In summer 2011, after receiving letters from Montanans who had also signed Kluger’s initiative, Sen. John Tester, D-Montana, proposed the Parental Bereavement Act, which would amend the Family and Medical Leave Act to incorporate extended, job-protected leave for the loss of a child.
“The senator was struck by it and, like most people, surprised the law wasn’t already taken care of,” said a spokesman from Tester’s office. “We want to see it pass but we don’t have a lot of time left this year.”
The average bereavement leave for a person who loses a child is three days, according to Dr. Joanne Cacciatore, a researcher at Arizona State University and the founder of the MISS Foundation, which provides support to grieving families. Cacciatore has been studying the emotional, social, cognitive, and economic impact of child death on individuals, families and society for almost 20 years.
“The death of a child is one of the most traumatic experiences a human being can endure,” Cacciatore said. “I cannot express to you how incredibly devastating this is to people.”
Experts like Cacciatore explain that without giving parents sufficient time to grieve for their loss, companies and corporations will pay for it in the long run.
Researchers at the Grief Recovery Institute, a nonprofit foundation, measured how situations like death and divorce affect U.S. businesses.
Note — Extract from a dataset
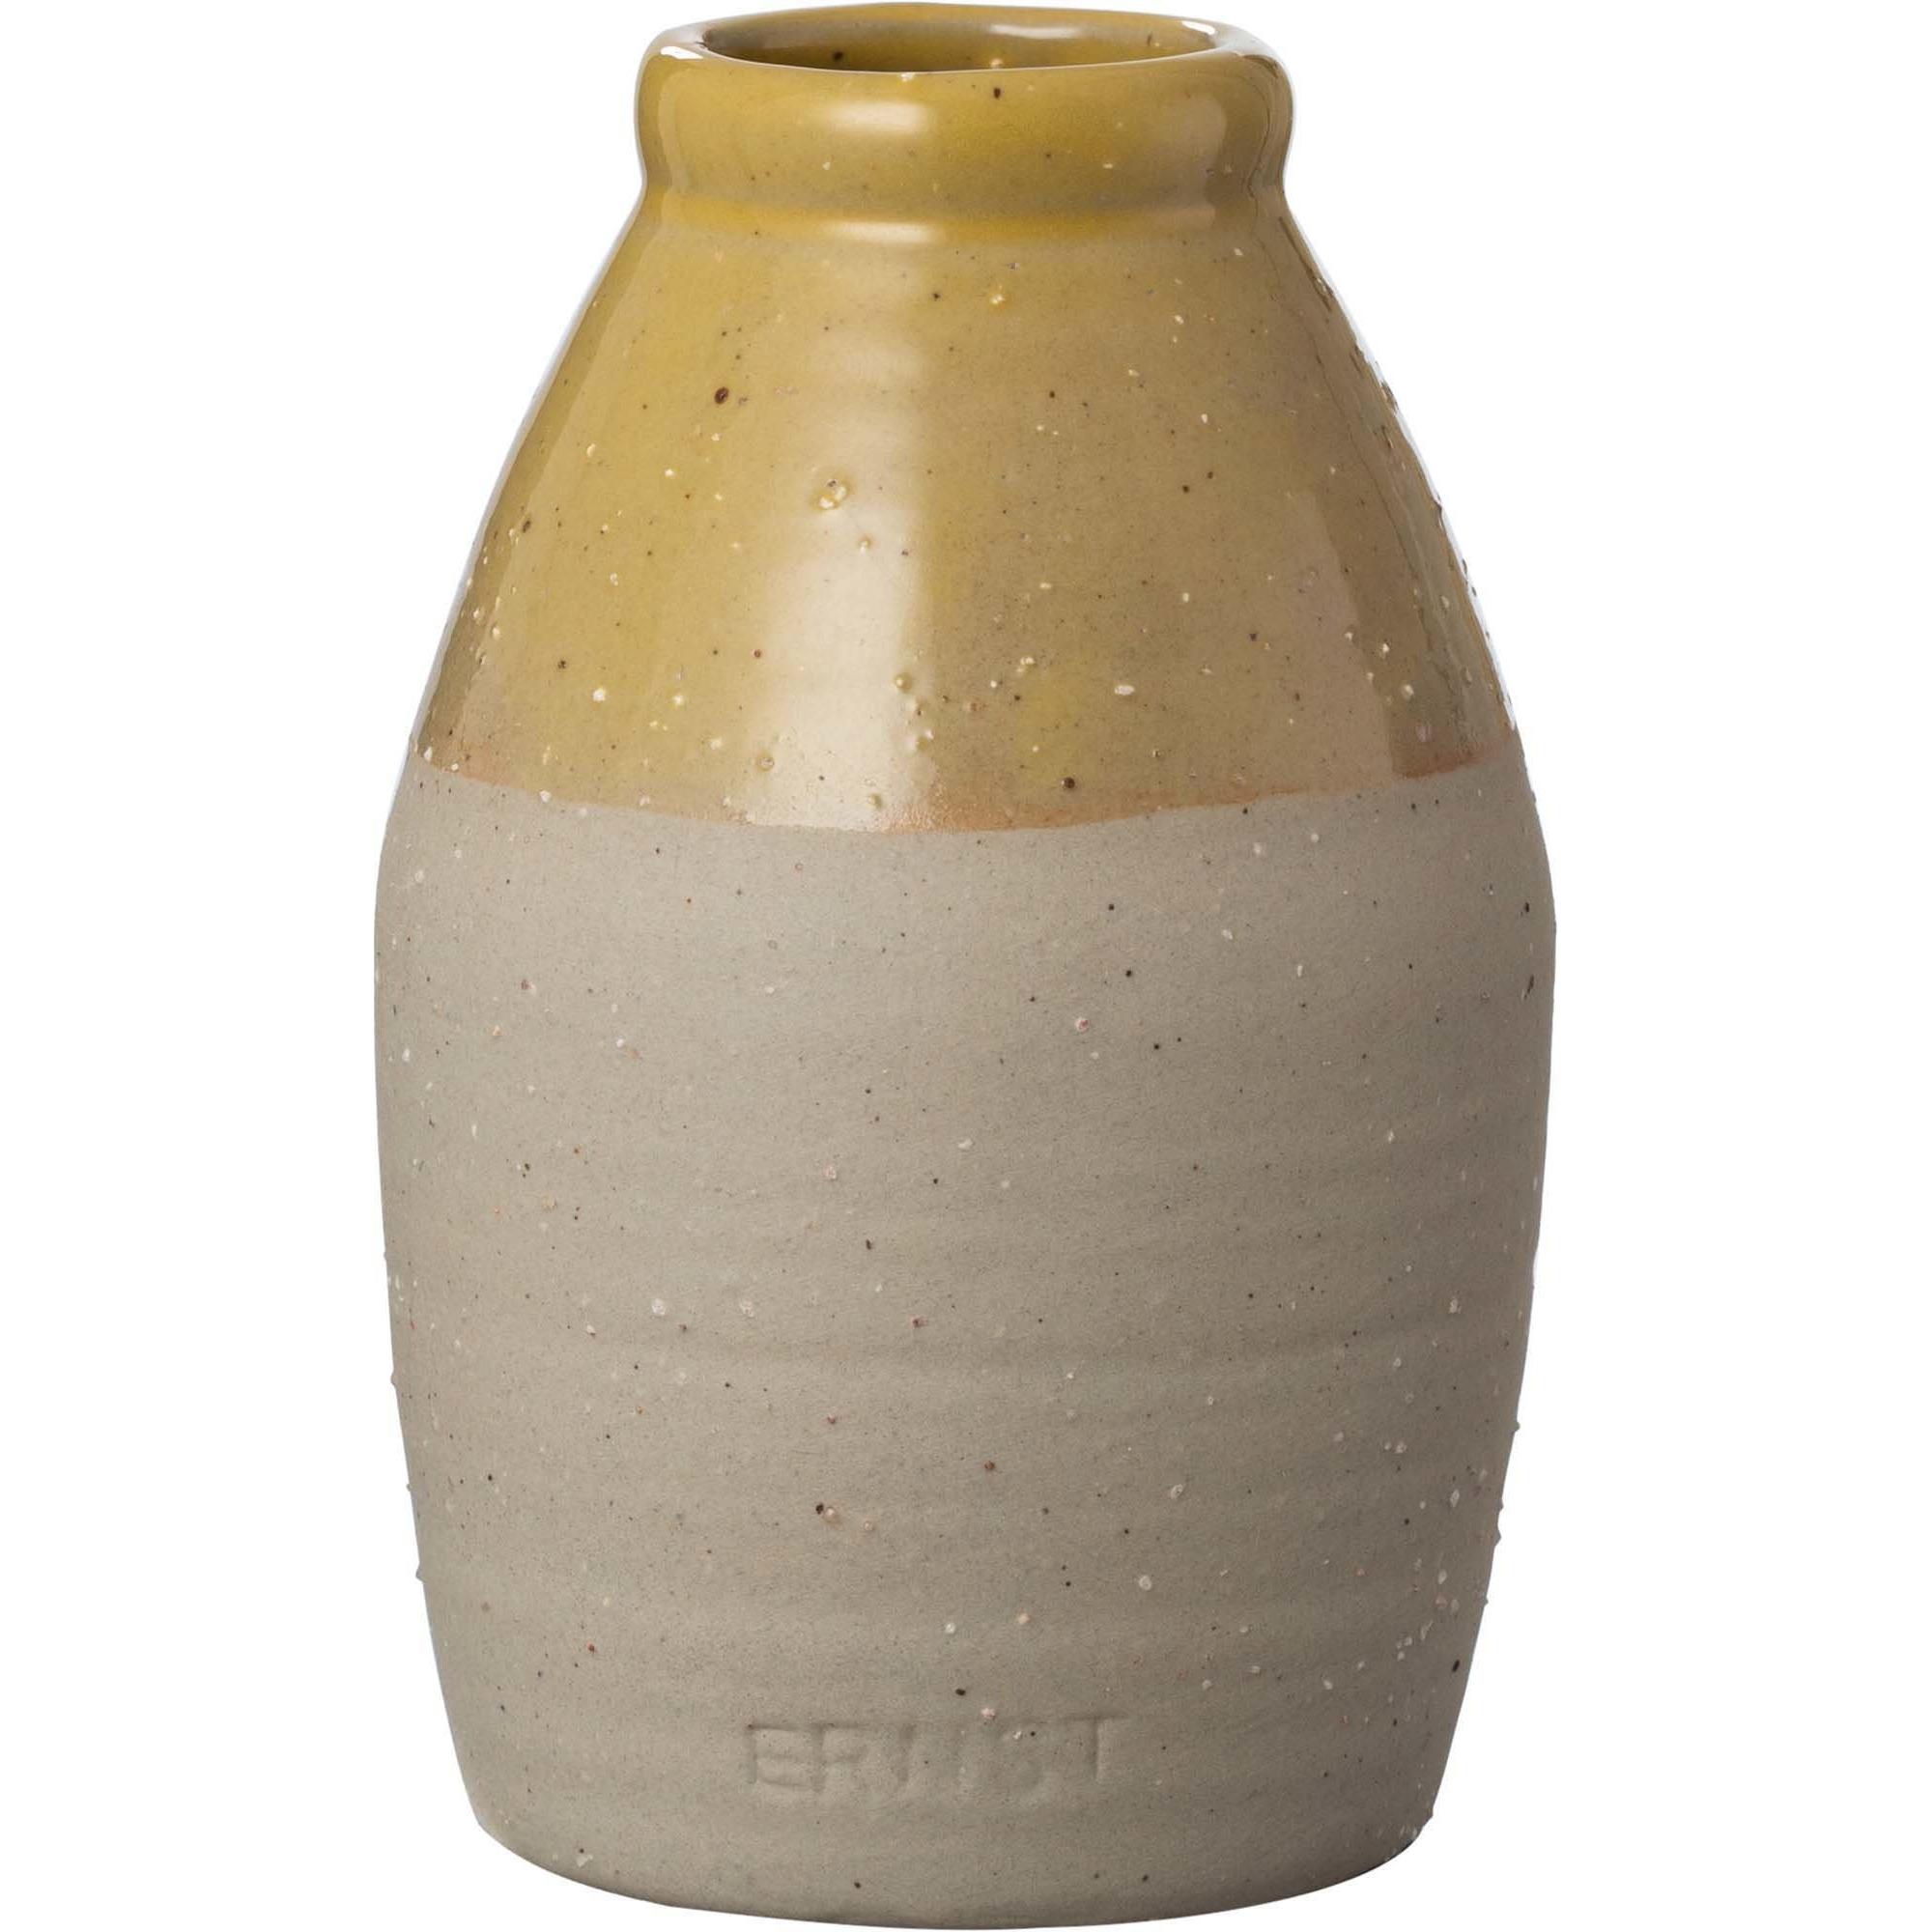 Ernst Vas halvglaserad d7 h11 sand/gul
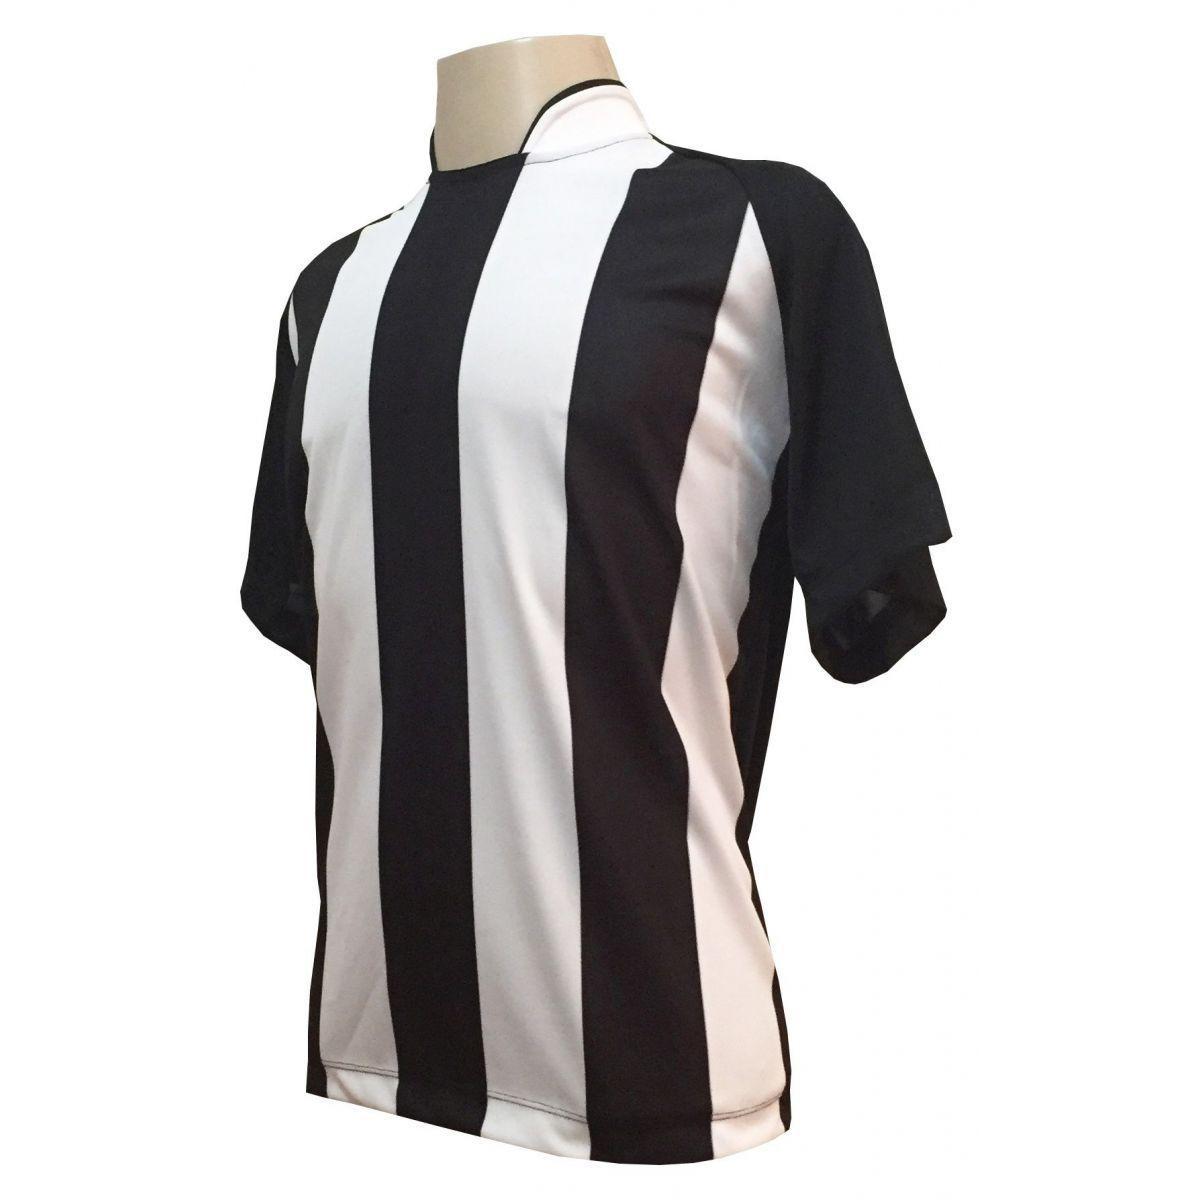 0fb24bcb9549d Uniforme Esportivo com 18 camisas modelo Milan Preto Branco + 18 calções  modelo Madrid + 1 Goleiro + Brindes - Play fair R  789

According to Russell Friedman, executive director of the institute, the current estimated annual loss due to reduced productivity as an aftereffect of grief is around $225 billion.
“When someone we love dies, we lose the ability to concentrate or focus,” Friedman said. “Your brain doesn’t work right when your heart is broken. That’s why businesses lose money.”
Three months for bereavement leave is a more realistic standard than three days, according to Cacciatore. After 12 weeks, “people are usually past the stage of being stunned and paralyzed by the loss,” she said. “Now they can understand what this loss means.”
While a person can take extra time off for mental health reasons, Cacciatore said this creates an ethical dilemma. If someone needs to mourn, having to declare depression for time off work is an unnecessary label that could also affect future employment opportunities.
“Grief is not a mental illness. It is a normal response,” she said.